New Perry ad stays on topic
posted at 2:05 pm on October 28, 2011 by Ed Morrissey
In releasing his new, comprehensive economic plan, Rick Perry hopes to reboot his campaign and recapture some momentum as we wind through the final two months of the prologue to the primaries. In his second positive ad in a row, “Cut Balance and Grow,” Perry keeps the focus on himself and on the economy. Hot Air has the exclusive first look at the new spot:
It’s a well-produced and designed ad, another of Lucas Baiano’s expert productions, sticking to positive campaigning rather than attack-dog mode. The cheery campaign of Herman Cain has clearly taught Team Perry a lesson, but this is also a function of having a solid policy foundation on which to run. That gives Perry plenty of opportunity to focus on his own virtues as a candidate rather than simply attack Mitt Romney’s shortcomings.

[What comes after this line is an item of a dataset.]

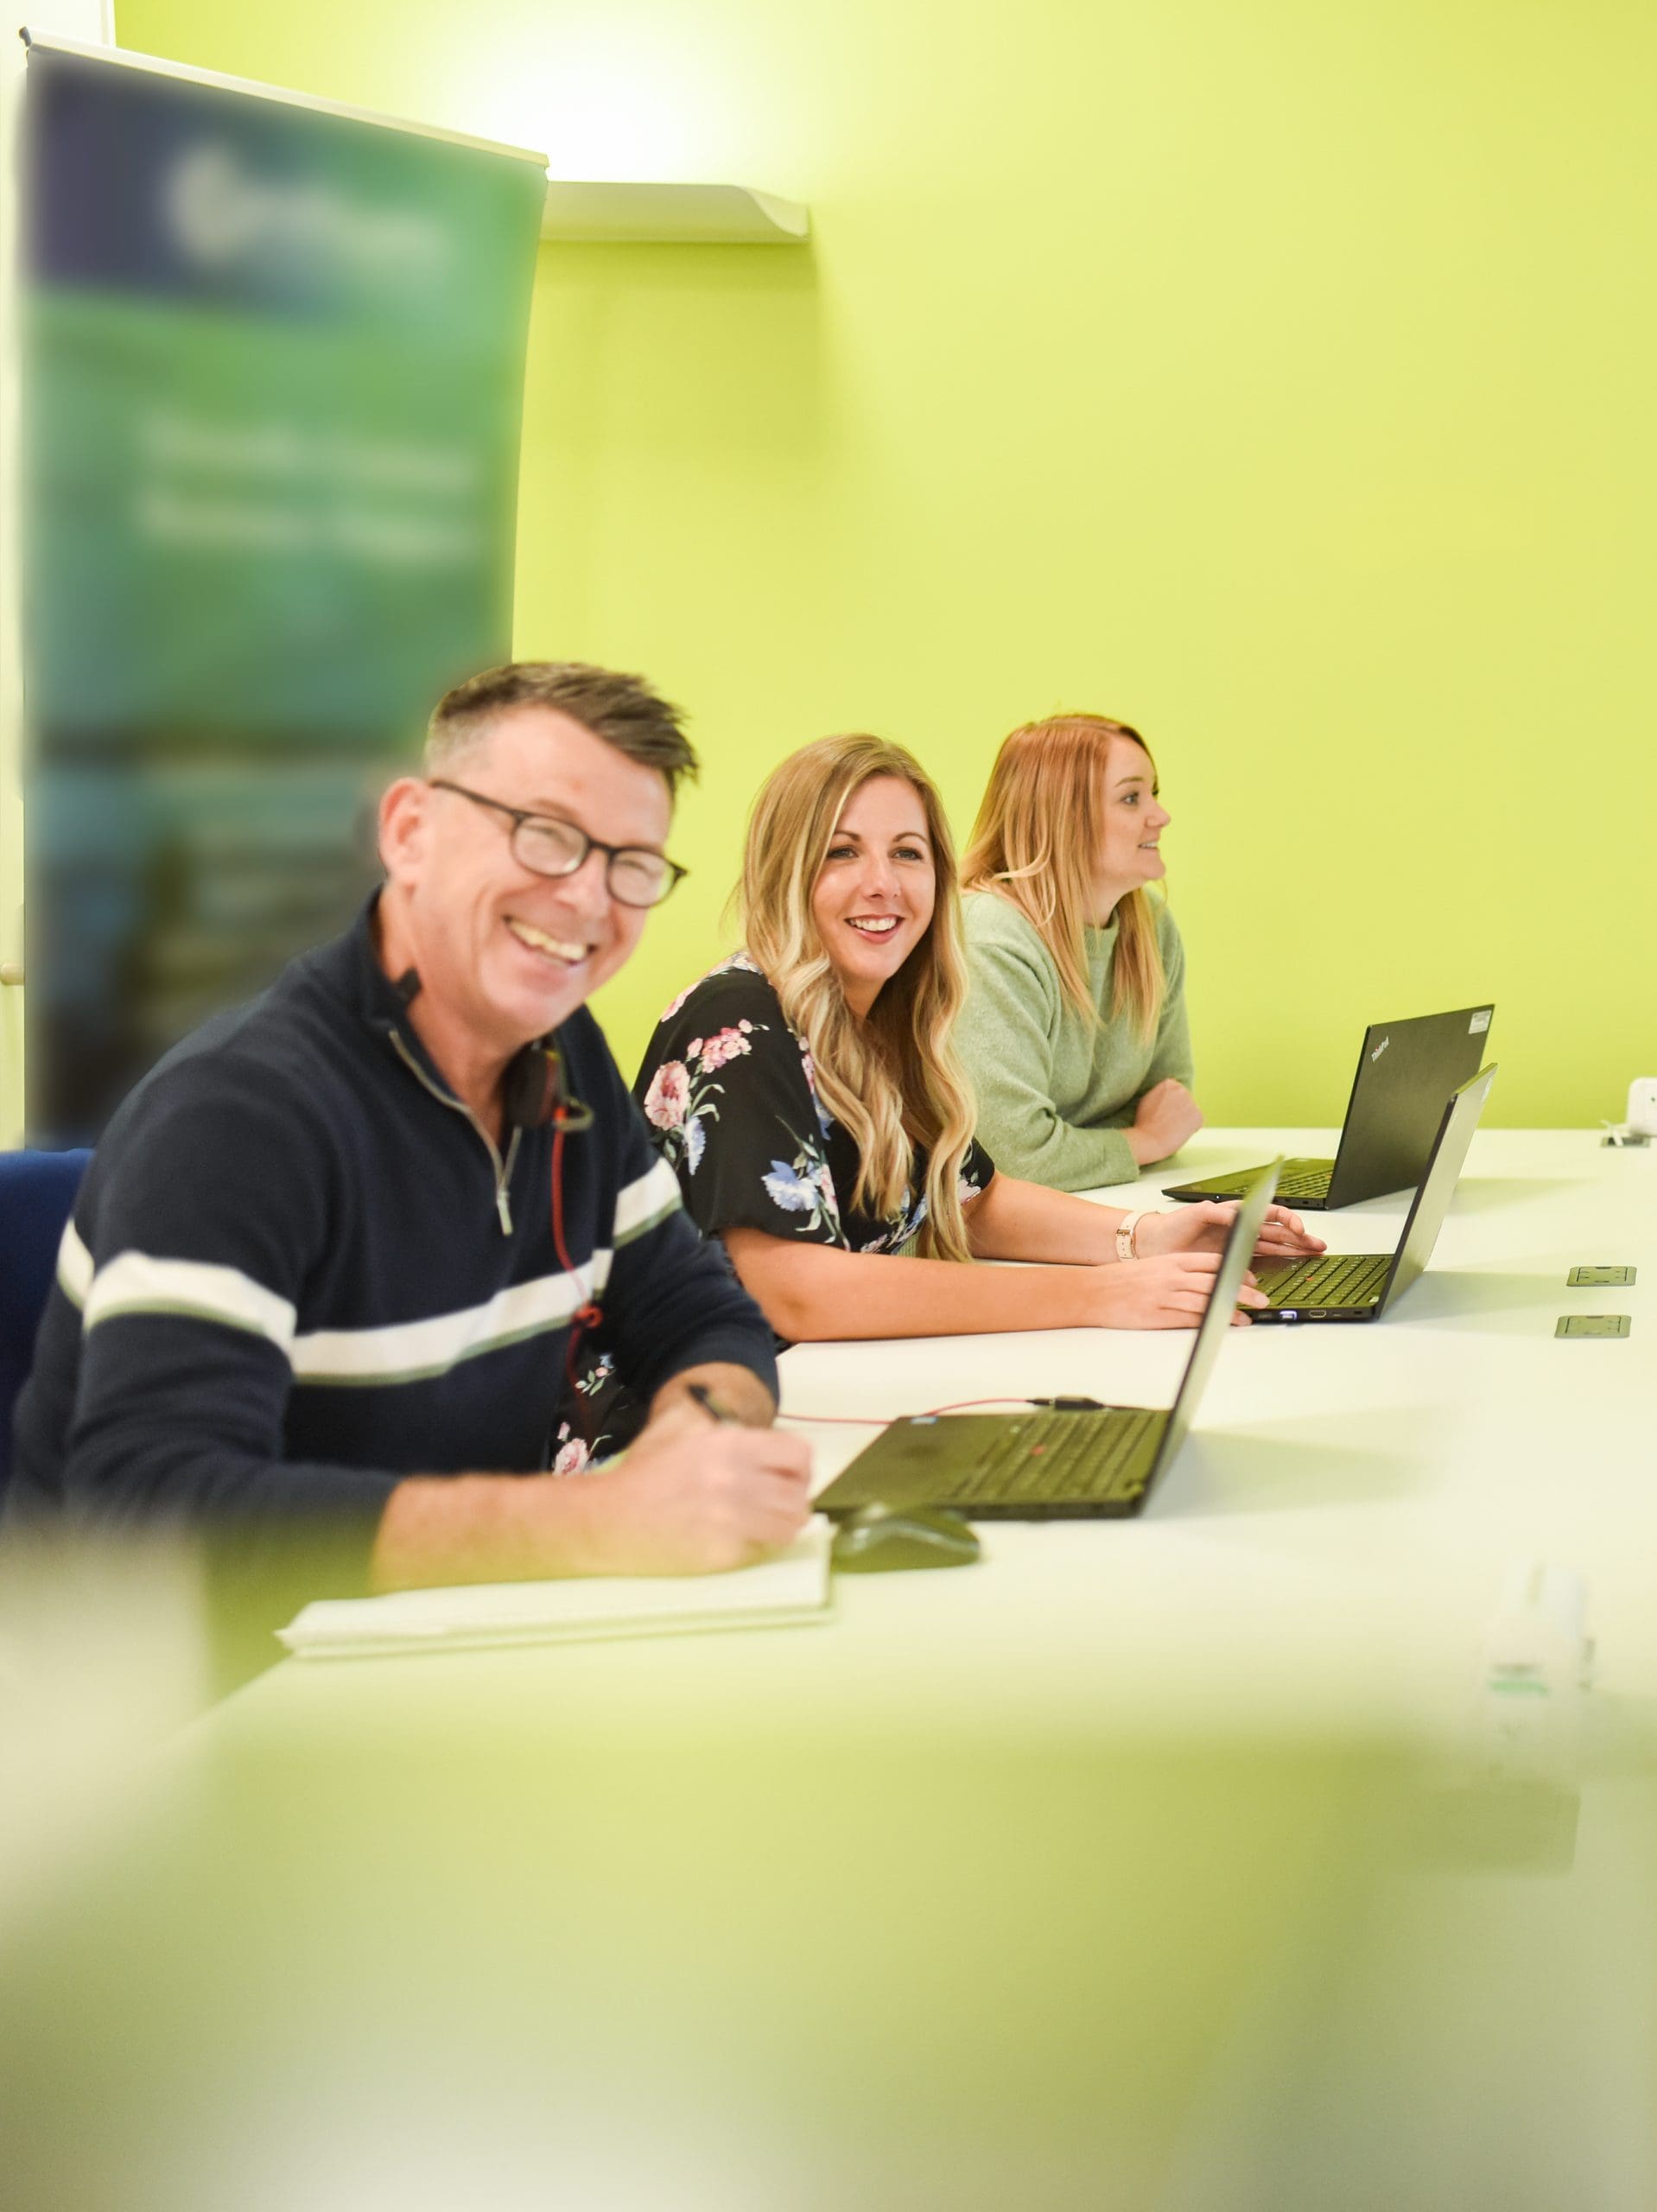 Photograph of 3 Cantium employees having a meeting with laptops while smiling off camera.

Will Perry be able to successfully reboot his campaign with his new economic plan? I participated in a symposium at American Enterprise Institute discussing that question, along with Jay Cost, Jim Geraghty, and Matt Lewis. Matt was the most optimistic, mainly because of Perry’s large campaign coffers. I was a little more cautious, but noted that having a policy foundation might help Perry become a better debater:
Until now, Perry has trailed his opponents in providing details on his policies in general, thanks to his late entry into the race. Having those details could make it easier for Perry to discuss policy in detail during debates, and increases his credibility on the stump. His overall plan has enough boldness for the media to take notice of it, not just in his alliance with Steve Forbes on tax reform but also on his endorsement of a balanced-budget amendment with a spending cap at 18 percent of GDP.
He needs to do more than just have a plan, though; Perry needs to be able to sell it, too. This is a good start, but we’ll have to wait until November 9th to see whether this will get translated into a more confident and effective debate performance.